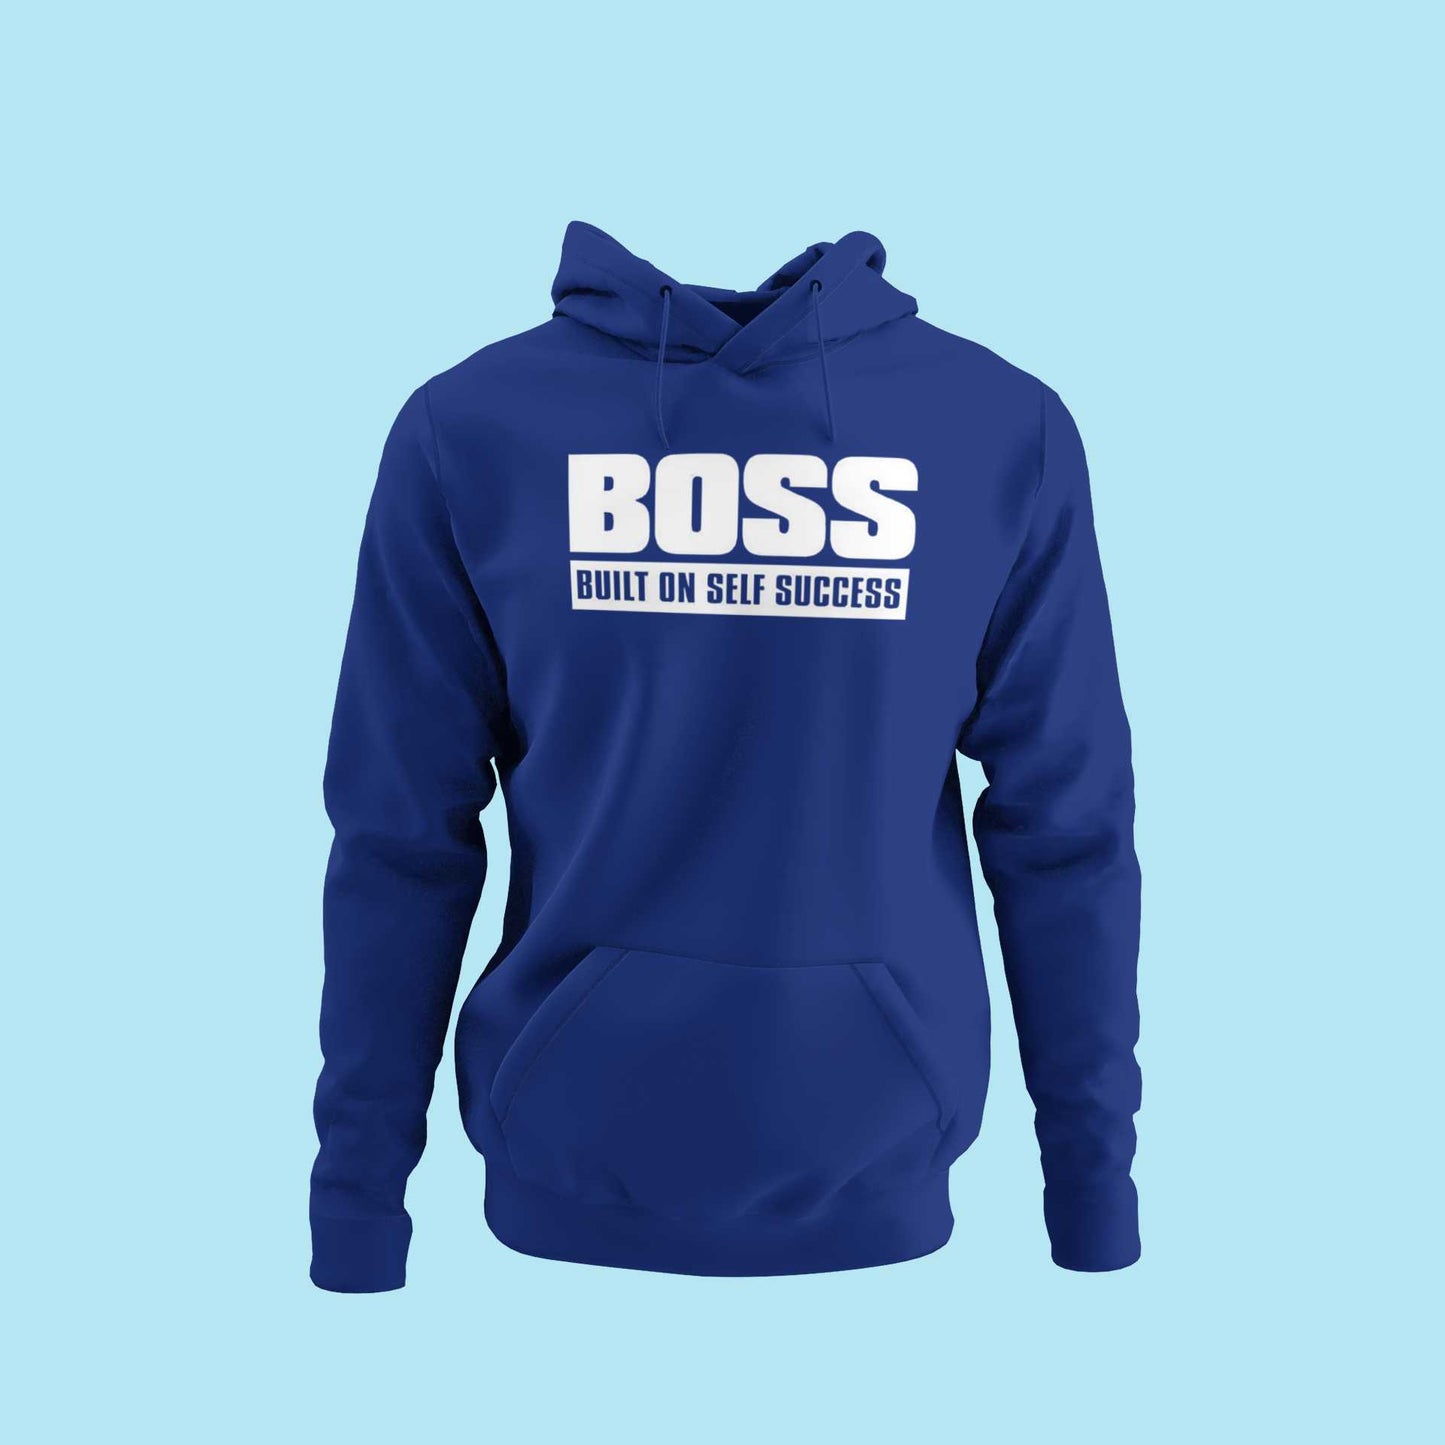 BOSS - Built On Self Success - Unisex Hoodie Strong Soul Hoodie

● ● ● ●

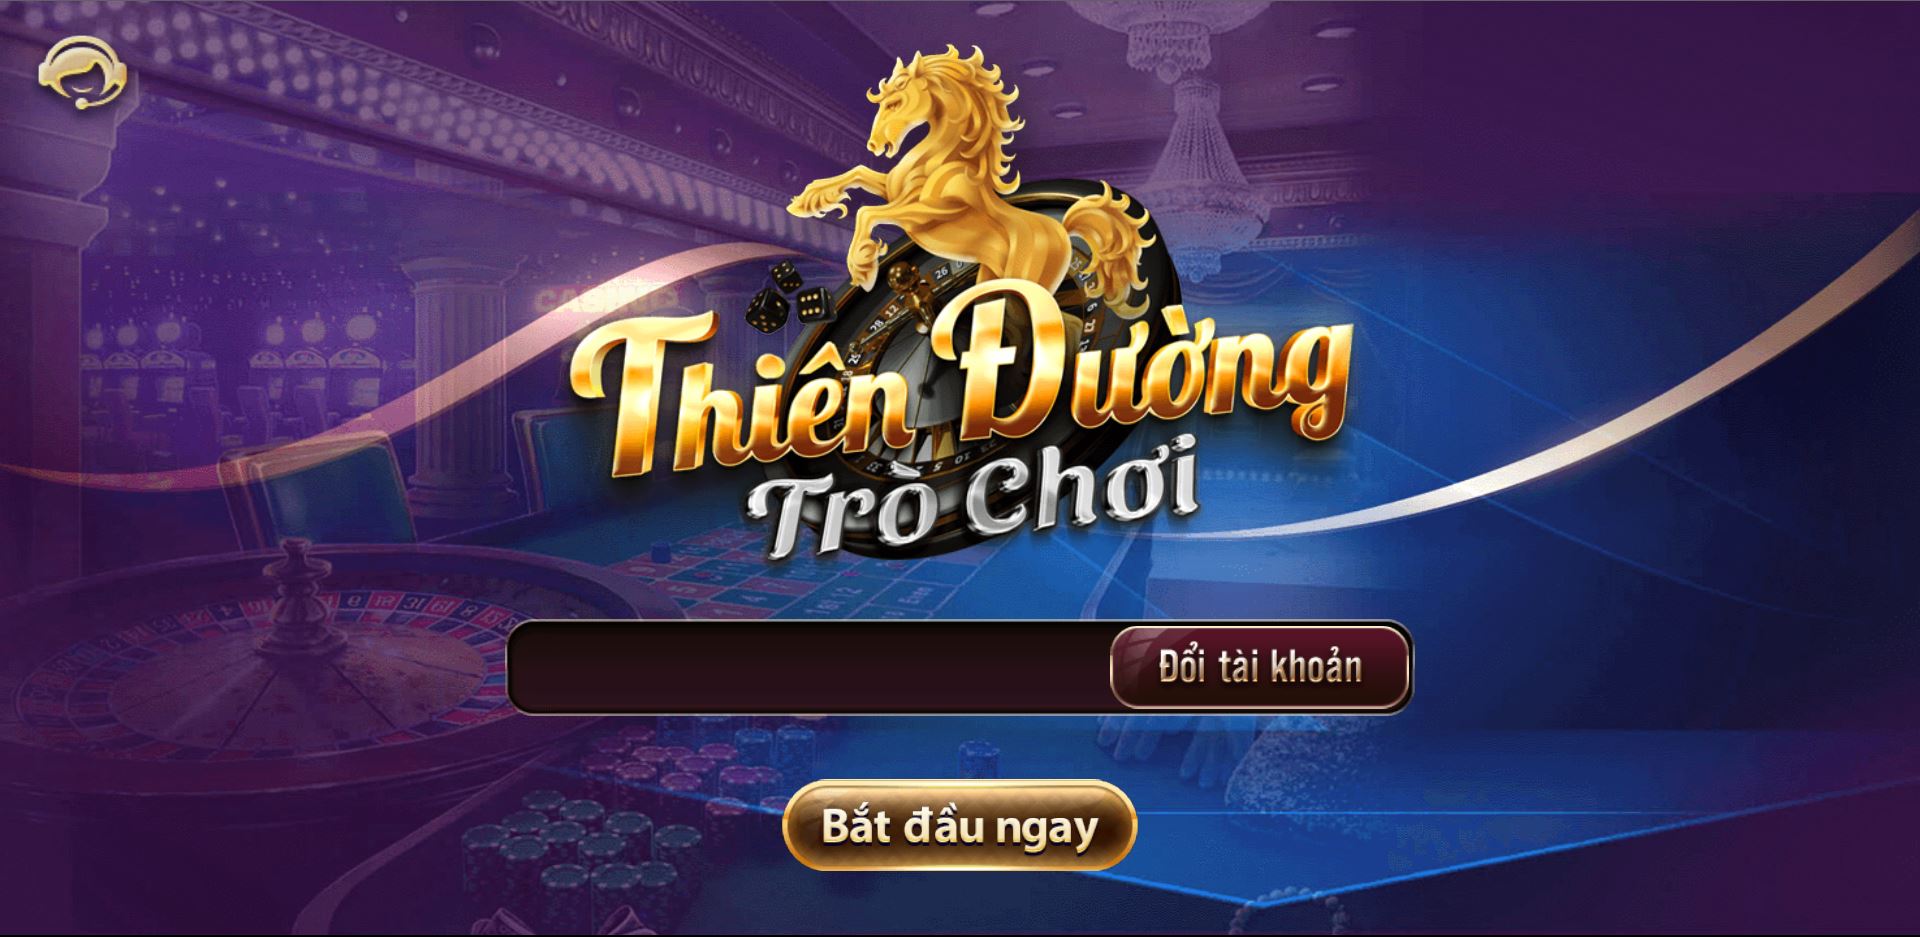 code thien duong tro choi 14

● ● ● ●

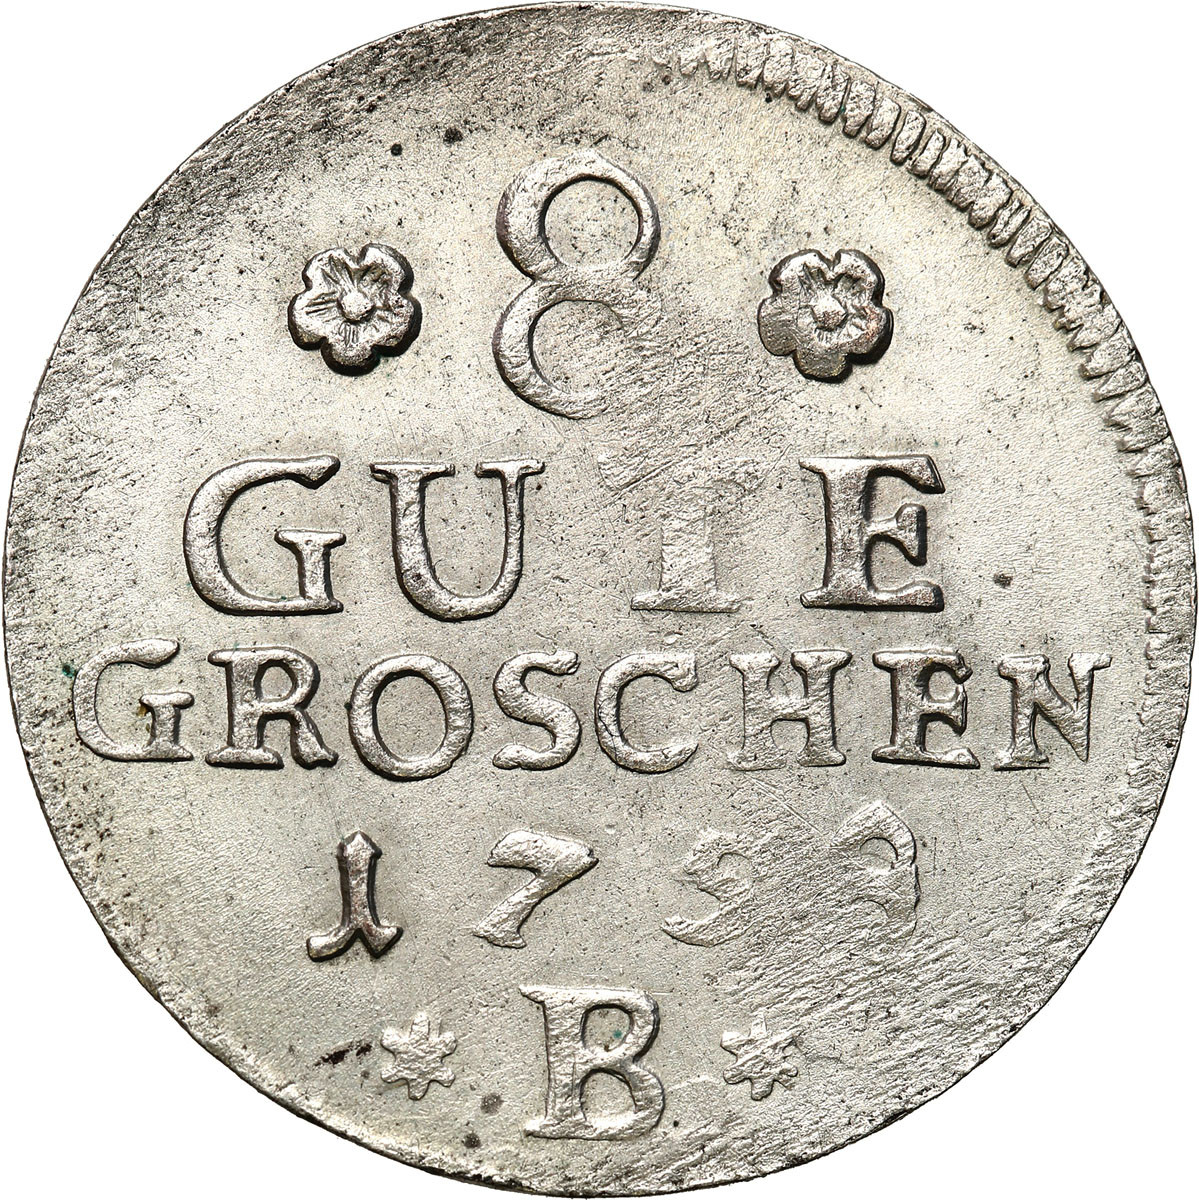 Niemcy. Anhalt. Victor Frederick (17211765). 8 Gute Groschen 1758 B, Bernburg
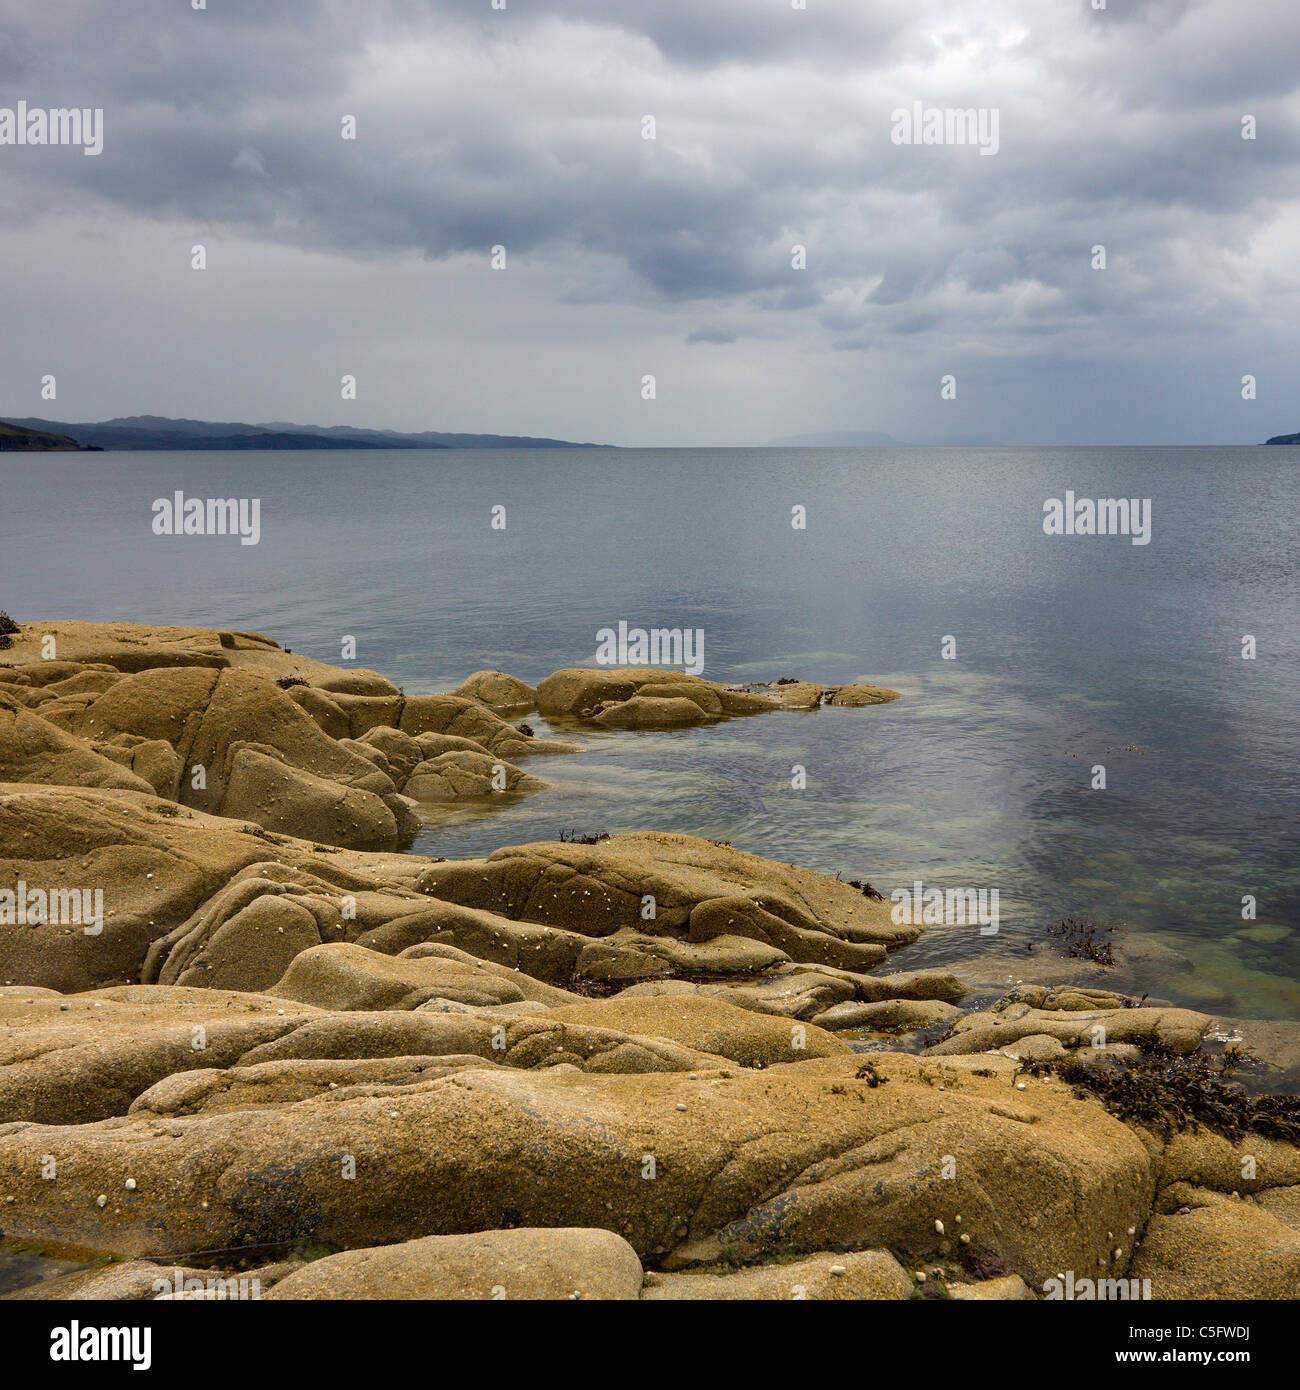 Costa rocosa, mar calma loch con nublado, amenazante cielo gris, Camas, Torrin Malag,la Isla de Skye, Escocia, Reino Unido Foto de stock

● ● ● ●

_AIM OF THE EXERCISE_: Only the lines above starting with the line with "Niemcy. Anhalt. Victor" and going on through the line with "Costa rocosa, mar" belong in the answer; repeat them exactly, minus any picture.

_REPLY_:
 Niemcy. Anhalt. Victor Frederick (17211765). 8 Gute Groschen 1758 B, Bernburg
 Costa rocosa, mar calma loch con nublado, amenazante cielo gris, Camas, Torrin Malag,la Isla de Skye, Escocia, Reino Unido Foto de stock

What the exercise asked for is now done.